It was the spring of 2017, I boarded a plane to Nicaragua a country I never even thought of. I was about to silence my mind and my mouth for a week. Six days of no reading, writing or eye contact in a remote location. There were no places to walk to and browse local shops. That’s not what we were there for anyway, but if we wanted an escape there wasn’t any. We were there to go within our own selves and see what was there. That‘s a lot to ask a woman born and raised in New York, typical type A personality that thrives off of checking off her to do list everyday.
I’m the kind of girl that’s the life of the party, dancing on table tops and striking up conversations while waiting on the line at the grocery store. My friends feared over how I’d get through this and honestly I felt the same way. Although the minute the email fell into my inbox I knew I had to do this. As I arrived at the airport, I met up with a few fellow students I had become friendly with, but didn’t quite know too well. Previously I’ve been taking some very traditional Buddhist classes in the East Village. Many of these people had been taking classes for years before I started. Two planes, a small layover and an hour and a half ride and I finally arrived. The place was beautiful and sat on a lagoon made by a volcanic eruption 400 years prior.

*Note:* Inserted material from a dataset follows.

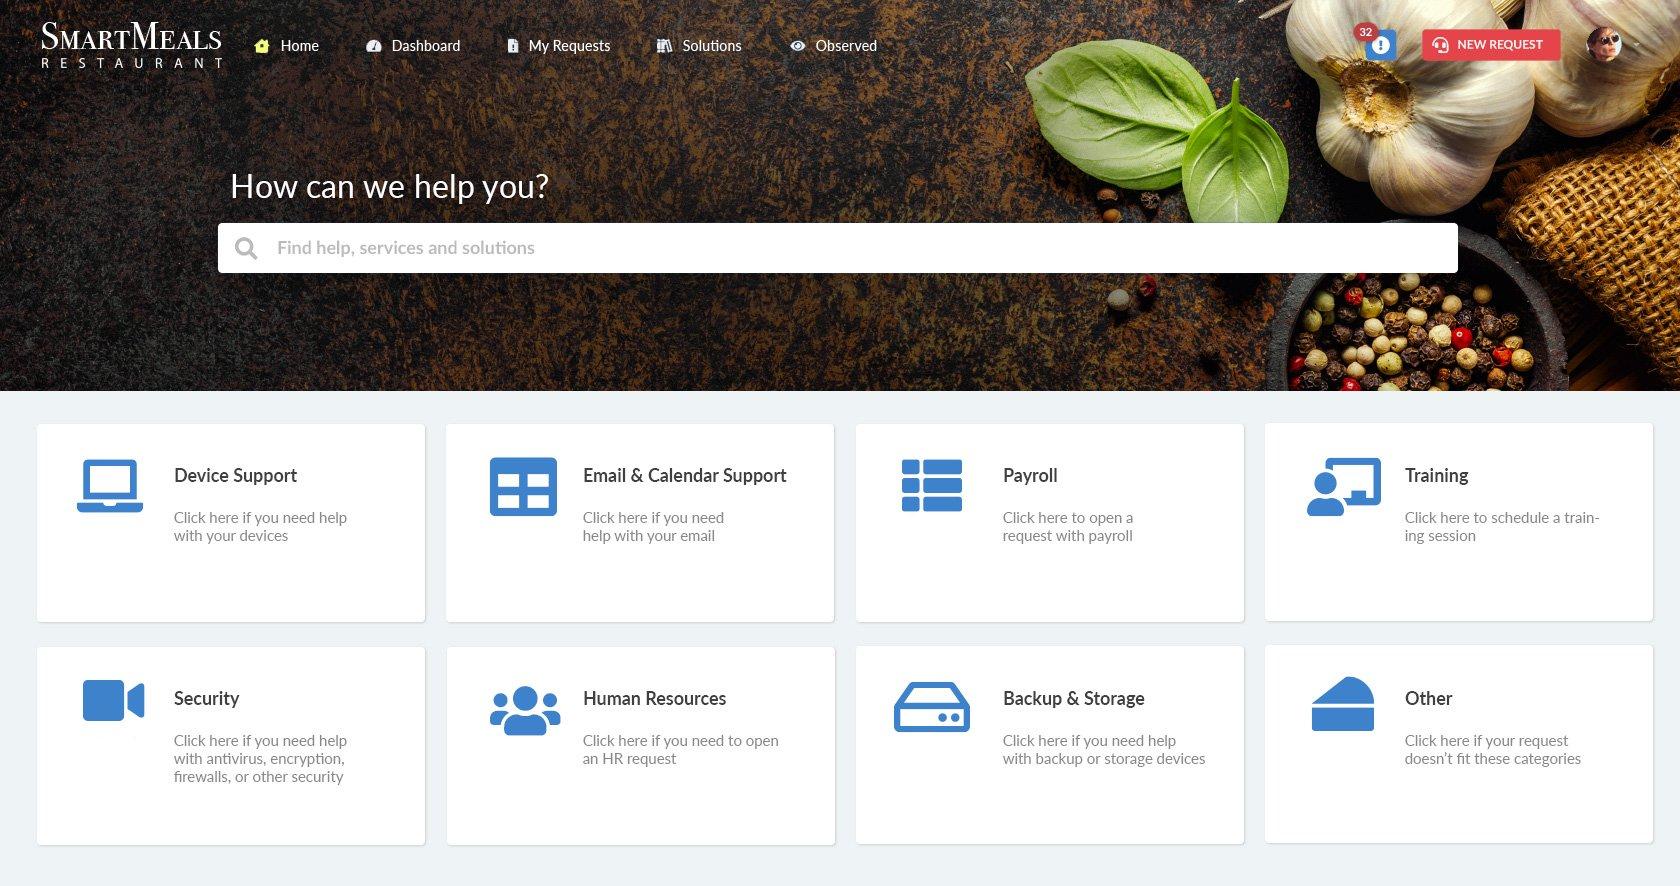 Self-service portal for a restaurant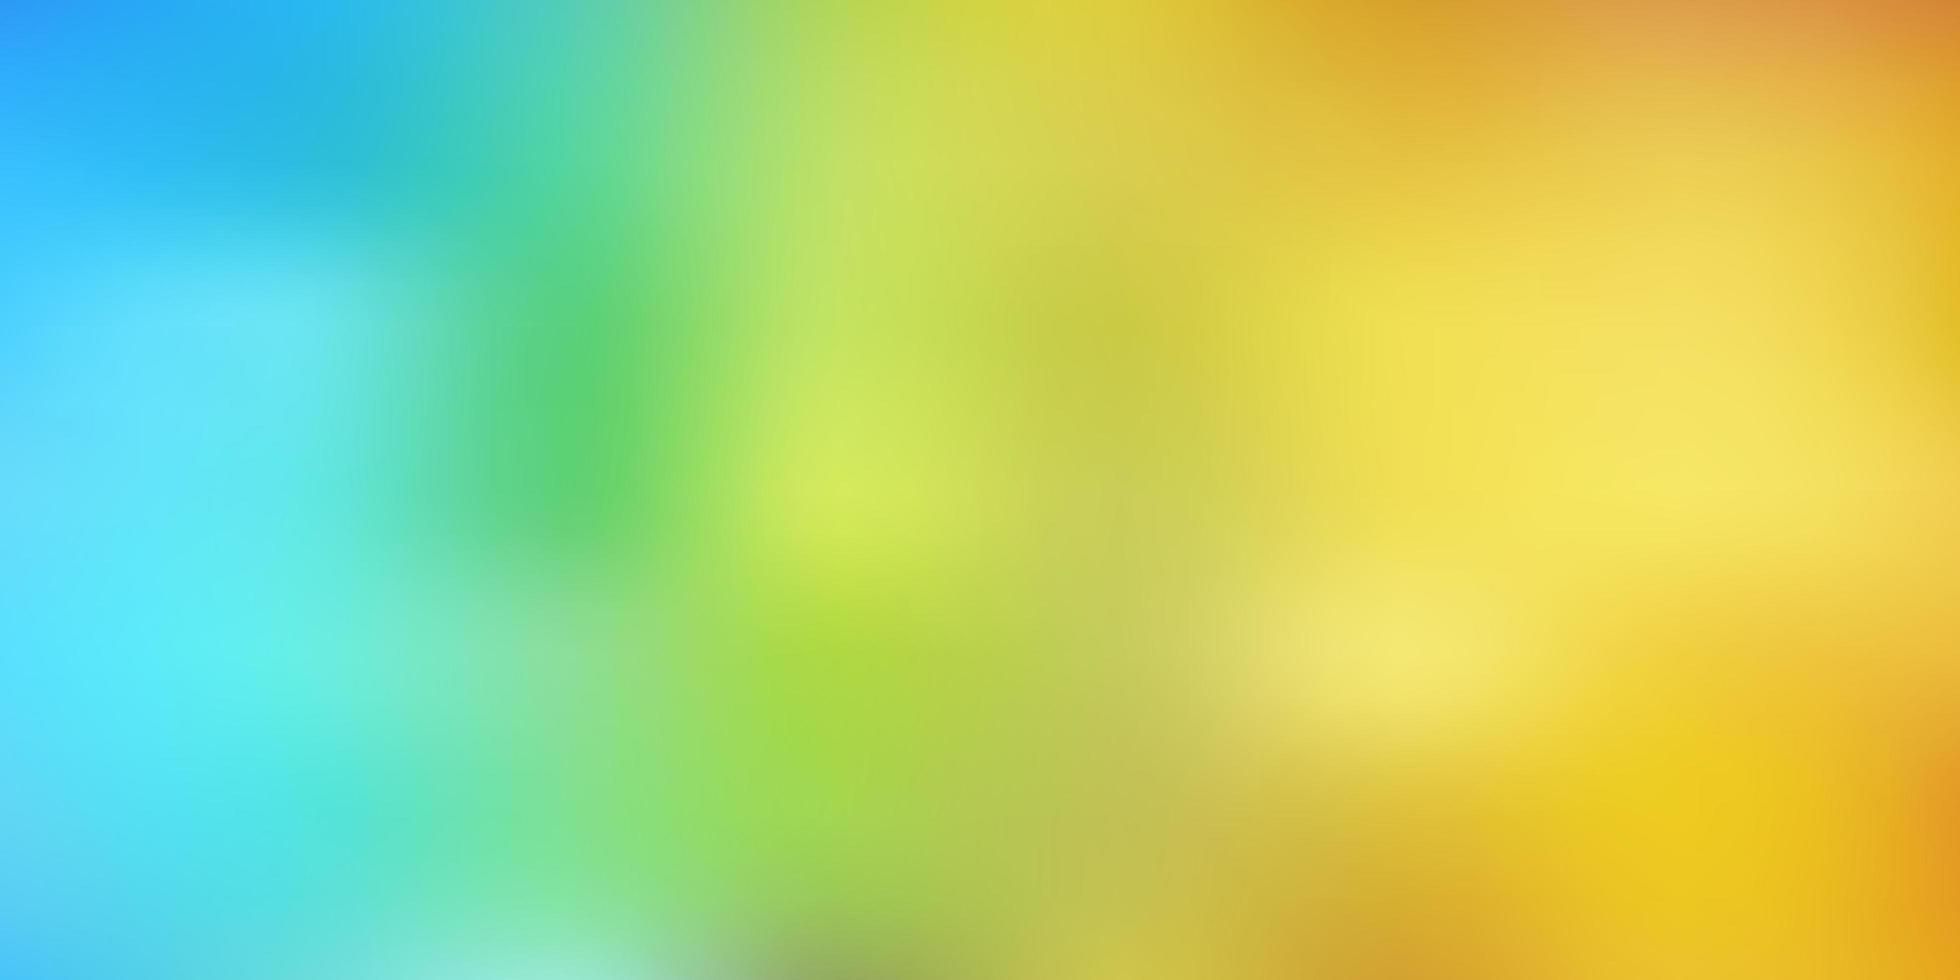 layout desfocado azul claro, amarelo. vetor

A huge storm had just passed through before we arrived. We all joked that Mother nature knew the New Yorkers were arriving. That night we settled in our rooms and the next morning we had a few hours to ourselves. We prepped for a very traditional Buddhist ritual that’s done before entering retreat. It involved making treats out of white bread and milk for deities, chanting mantras, sealing the four corners of the retreat center for protection. We spent some time writing down the things we wanted to embrace in our lives and other things we wanted to let go of. As we sat together around a bomb fire along side the lagoon each of us threw in our papers one by one. All of our electronics were collected and unavailable for us to use until the retreat was over in six days. We were now completely disconnected. If actually felt like a relief, no email to check, texts to reply to or voicemails to call back. No Facebook posts, Instastories or selfies, it was just us now.
Every morning we were woken up by the simple ringing of a bell. We had 15 minutes to get ready for two and a half hours of early morning yoga and meditation. We began with 15 minute meditations and lengthened them each day. By the end of the retreat we were able to sit for an hour and a half. Morning yoga and meditation were followed by a delicious vegan breakfast followed by a small break, meditation again then Lunch, ‘free time’ from 12:00 to 4:00 every day, our options were swimming, napping or a massage because we couldn’t talk frankly there was nowhere to go.
From 4:00 to 5:30pm our Yoga Teacher Coco instructed us on a special series called lady Naguma that moved your inner fire upwards. We ate dinner in silence, had amazing raw vegan desserts that comforted me through the whole retreat and ended our nights with meditation and a Dharma talk. My teacher Hector guided us through the same meditation daily. It was a challenging meditation that at times was extremely hard for me. I remember opening my eyes after every meditation I would glance around and everyone looked so comfortable and peaceful. I on the other hand had a leg that always fell asleep and bugs swarming around and seemed to never leave me alone. We had a small amount of time after for ourselves but, I always went right to sleep. I spent so much time sleeping, enjoying the Sun and really allowing my body to relax, it’s something everyone needs to incorporate into their lives.
The evening of day six is when our phones, tablets and computers were returned to us. I enjoyed the peace so much I didn’t want it back so soon. I could have easily gone another few days. What I got out of my six days in silence has stayed with me to this very day. My dreams became so lucid, at one point I would wake up wondering which one was reality. My awareness grew by leaps and bounds. I was fully aware of the noise around me and all of the mindless tasks I had always kept myself busy with. Staying busy became a thing of the past and my life & actions became very intentional. My awareness around what I was doing and why became so clear. I love stillness and quiet time. I had always been the person who fell asleep with the TV on, drove around with the music blasting. I now value sitting in my living room with tea and just being still, enjoying the quietness. Because what I found out is that stillness is powerful. It invokes insightful ideas that have helped guide me in my business & the advocacy work I do.
My compassion grew and my criticism towards others & myself lessened. Although they haven’t diminished I have cultivated enough awareness not to feed these thoughts but allow them to float out of my mind the same way they floated in. Six days of silence evoked these things but, my daily practice keeps them going. There was a time silence seemed scary and intimidating, it has now become my greatest ally. Silence is where my peace resides and ideas and insight are sparked. I wonder what six days of silence could do for you.